# GIVEN DATA
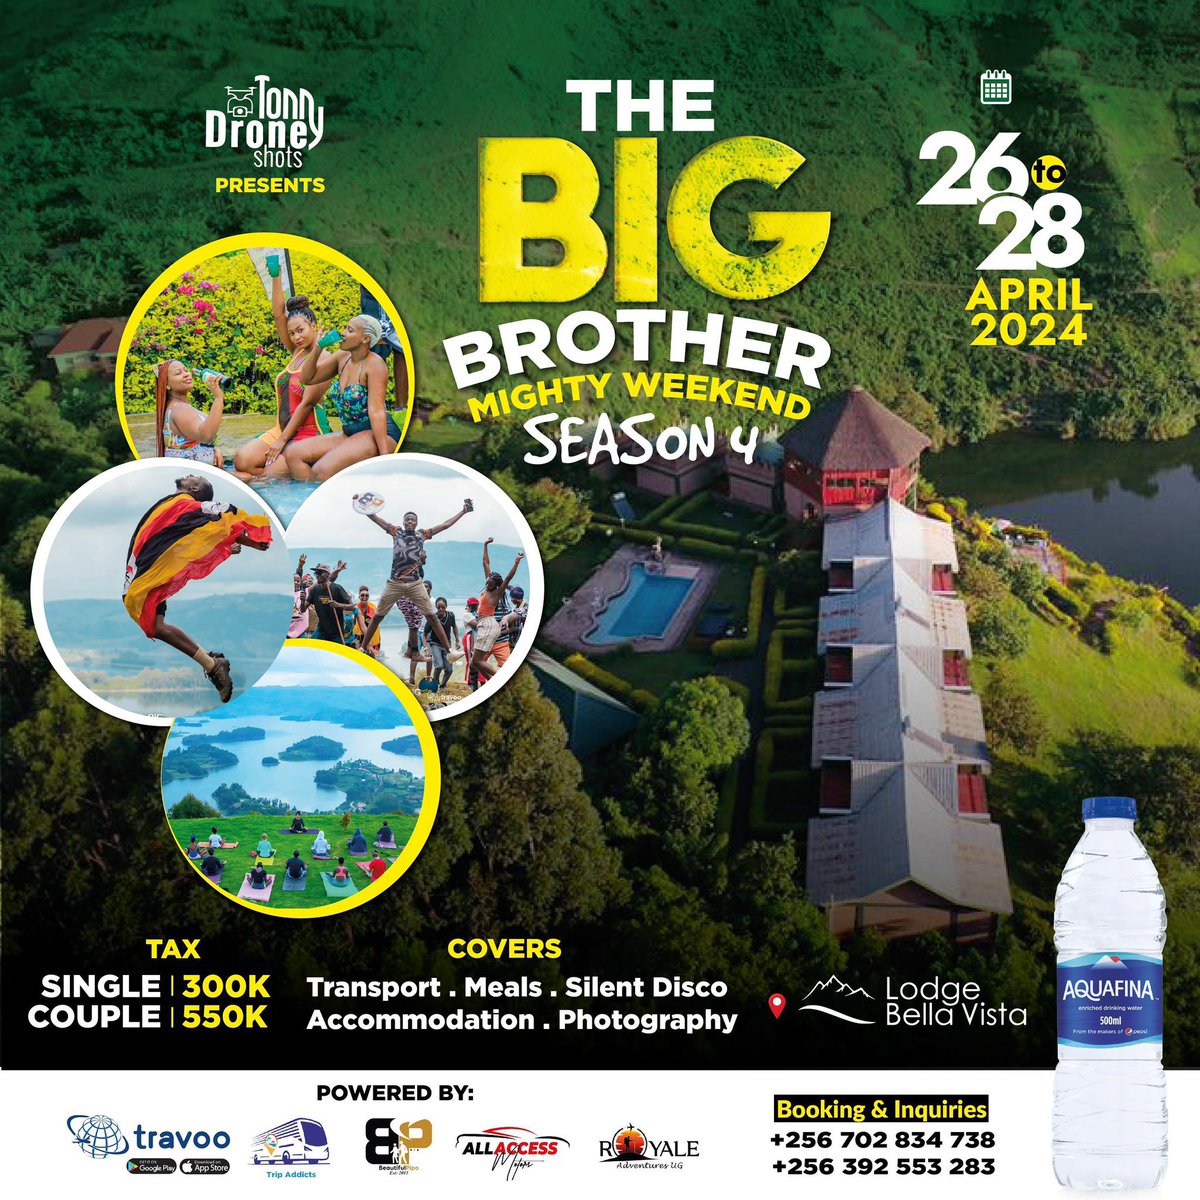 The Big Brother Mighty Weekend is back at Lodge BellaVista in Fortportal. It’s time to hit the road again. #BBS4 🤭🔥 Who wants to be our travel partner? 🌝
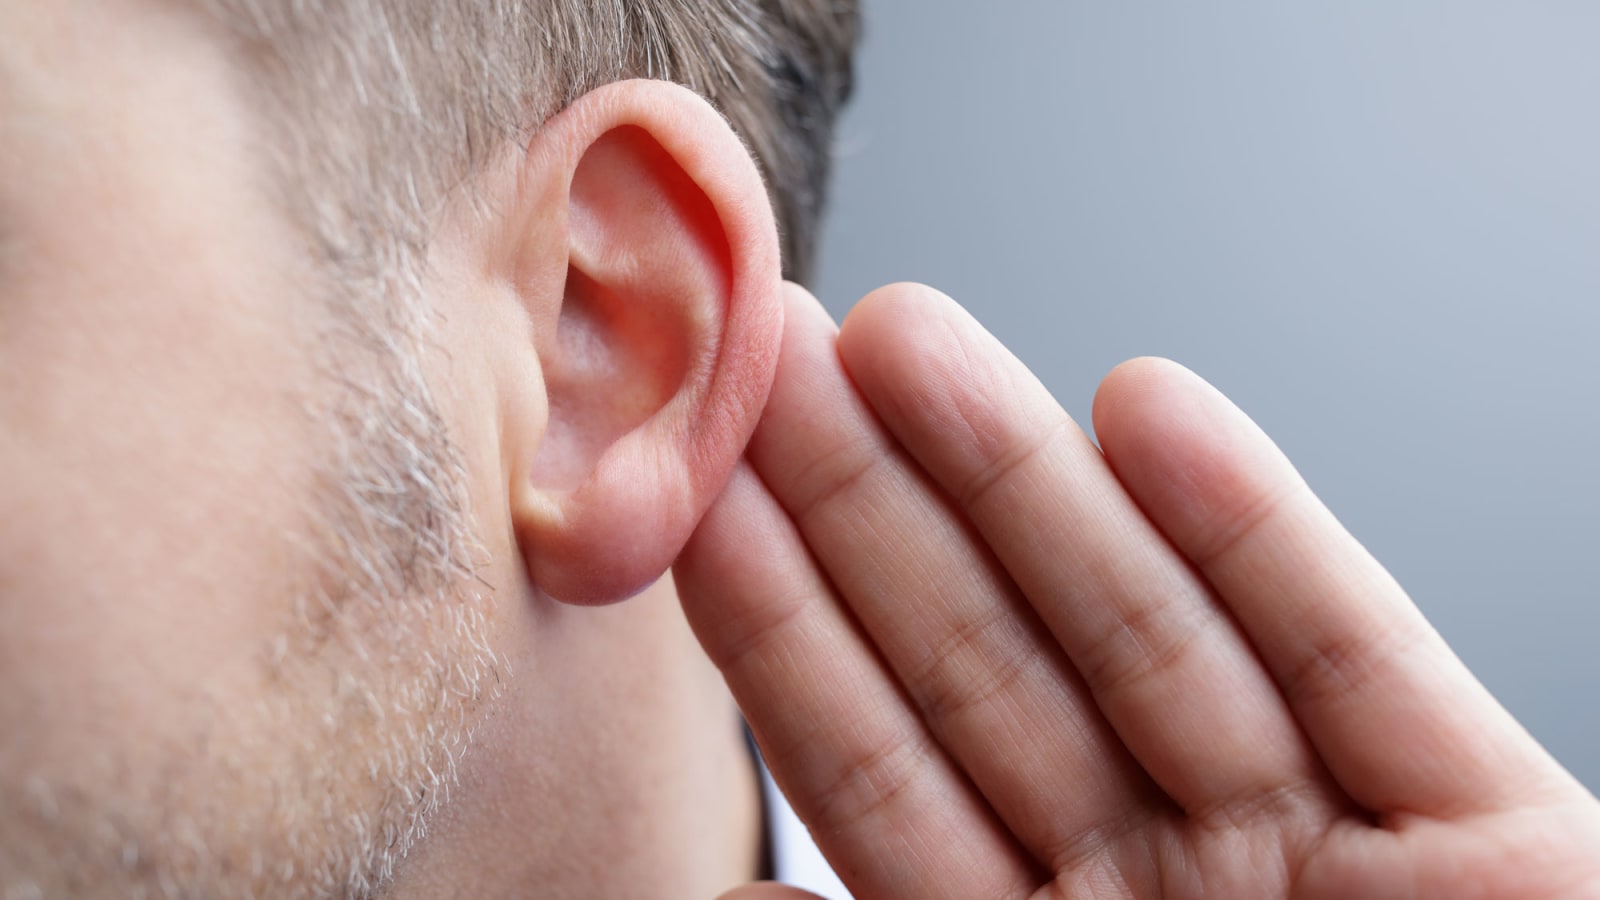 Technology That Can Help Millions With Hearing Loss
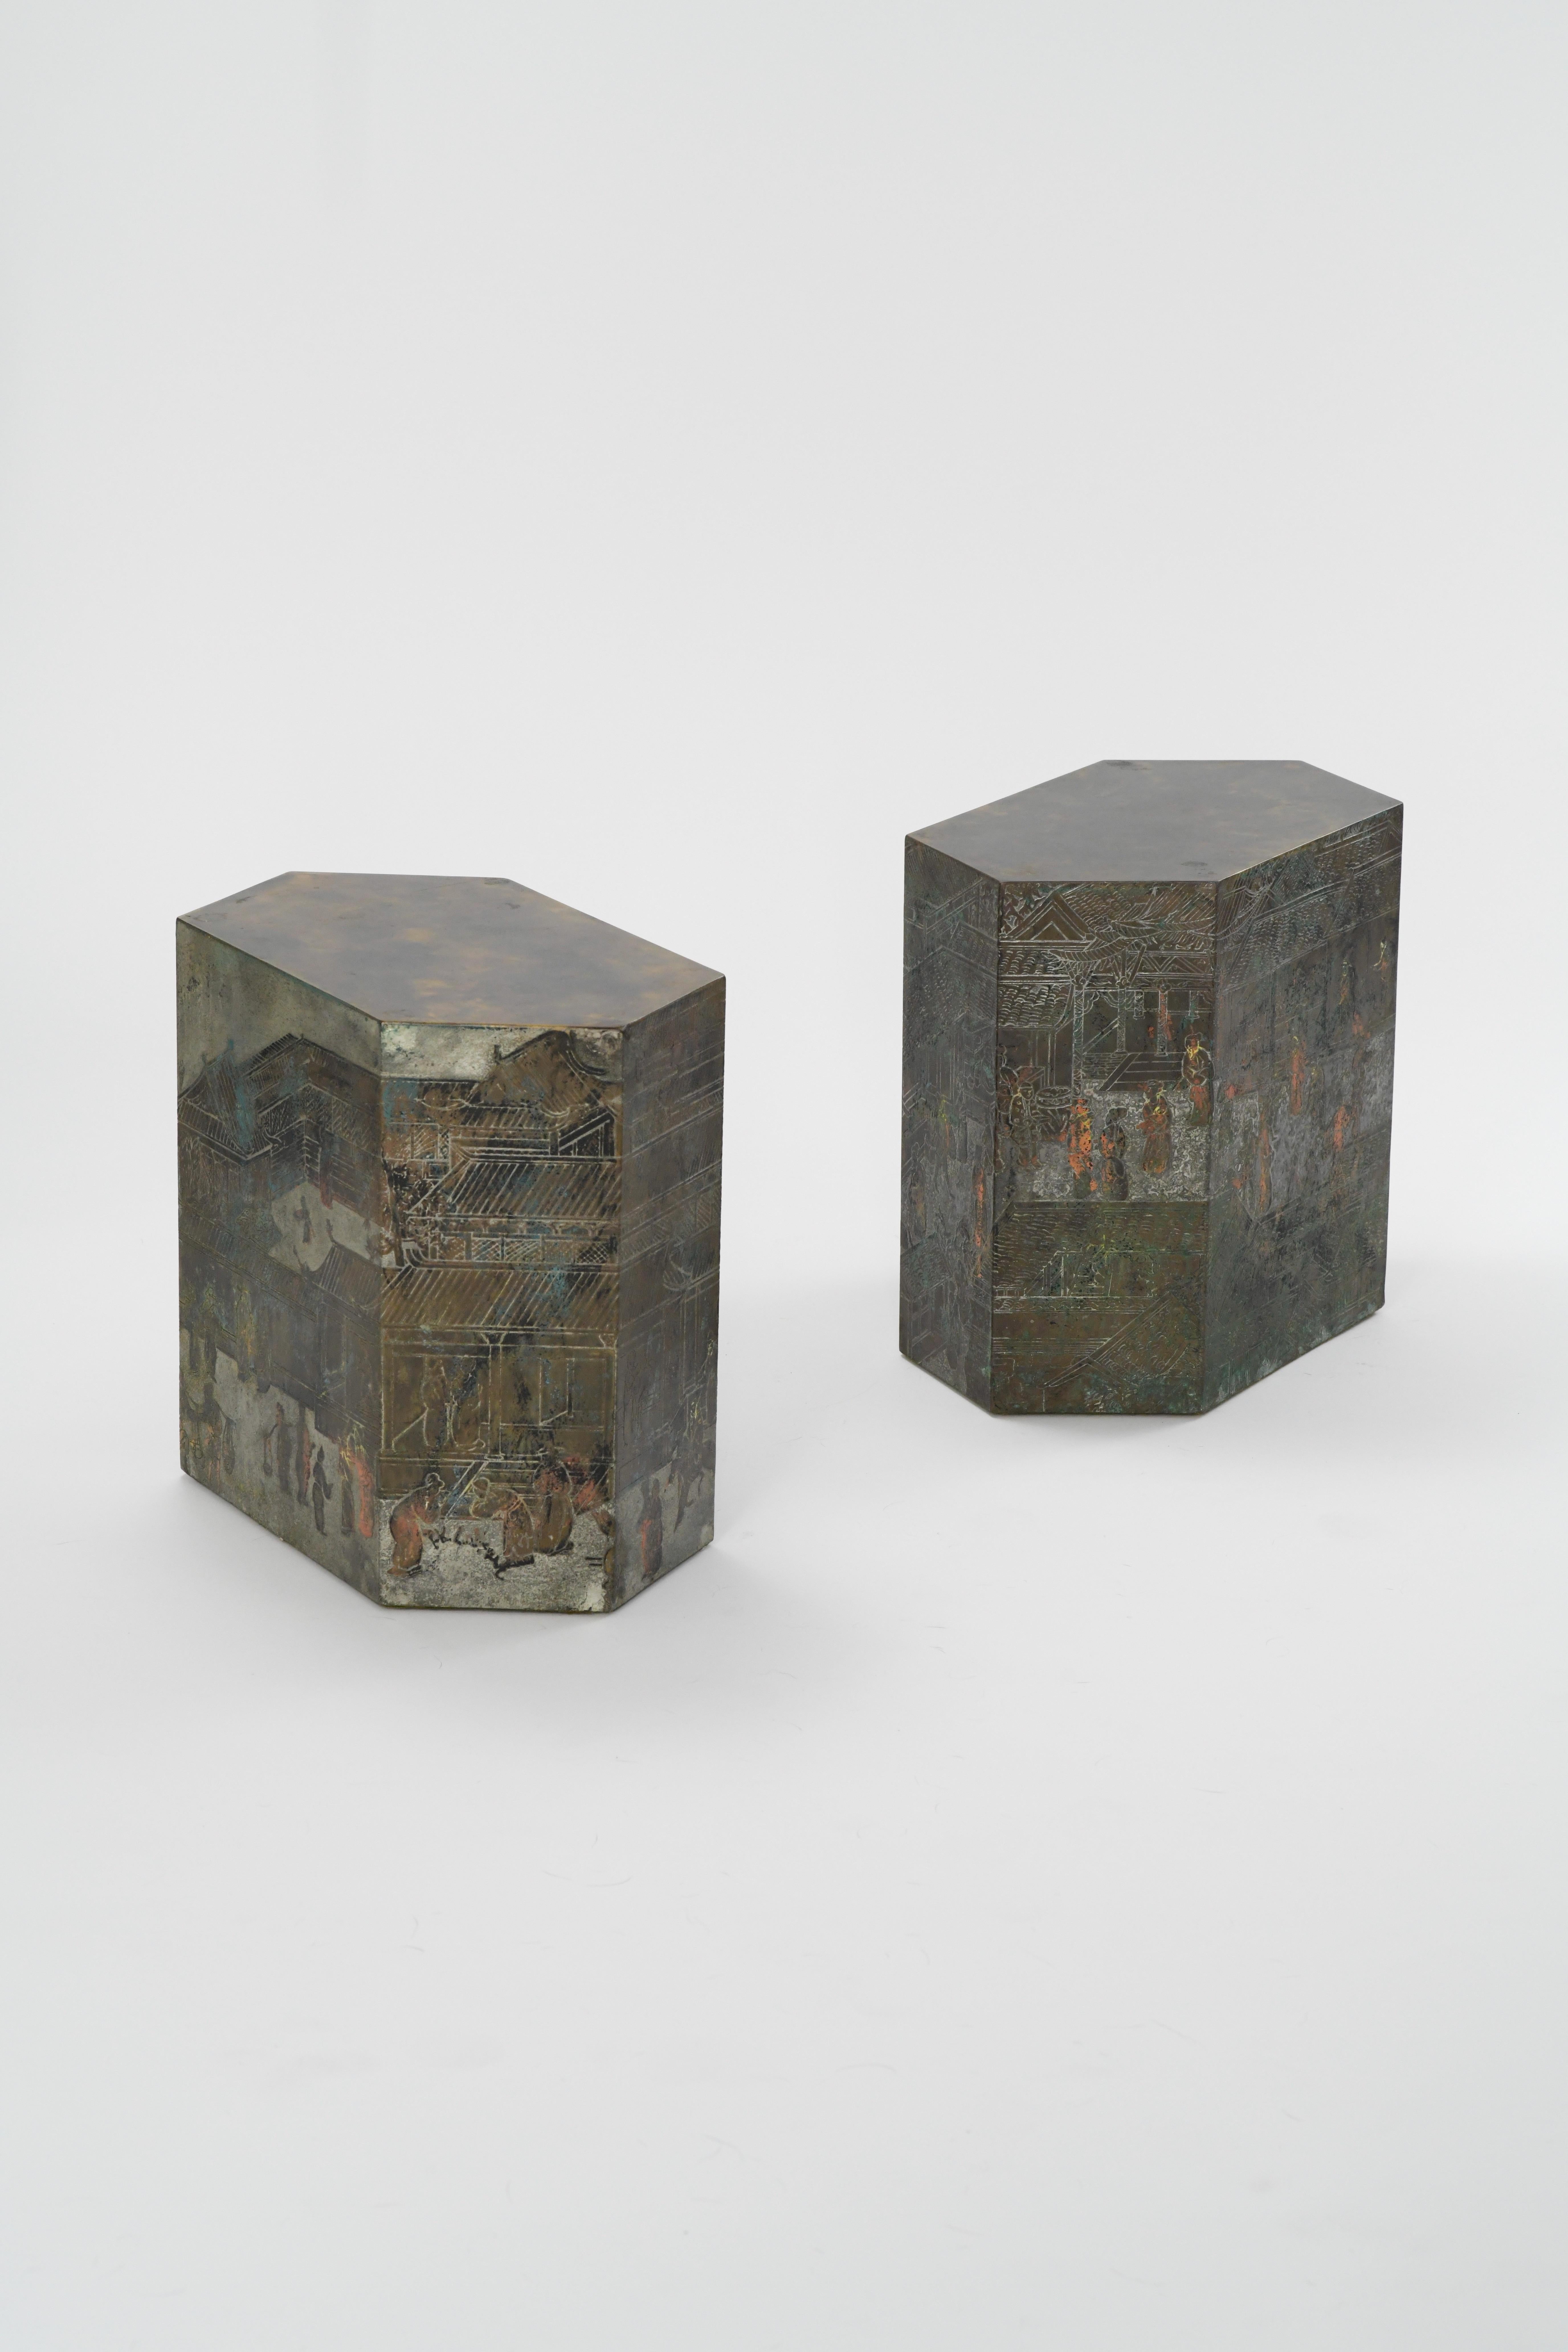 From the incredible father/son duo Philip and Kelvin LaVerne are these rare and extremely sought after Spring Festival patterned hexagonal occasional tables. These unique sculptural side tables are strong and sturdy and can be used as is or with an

# WHAT THIS TASK INVOLVES
None of the pictures belong in the copy; transcribe the rest of the data exactly.

# WRITTEN REPLY
 The Big Brother Mighty Weekend is back at Lodge BellaVista in Fortportal. It’s time to hit the road again. #BBS4 🤭🔥 Who wants to be our travel partner? 🌝
 Technology That Can Help Millions With Hearing Loss
 From the incredible father/son duo Philip and Kelvin LaVerne are these rare and extremely sought after Spring Festival patterned hexagonal occasional tables. These unique sculptural side tables are strong and sturdy and can be used as is or with an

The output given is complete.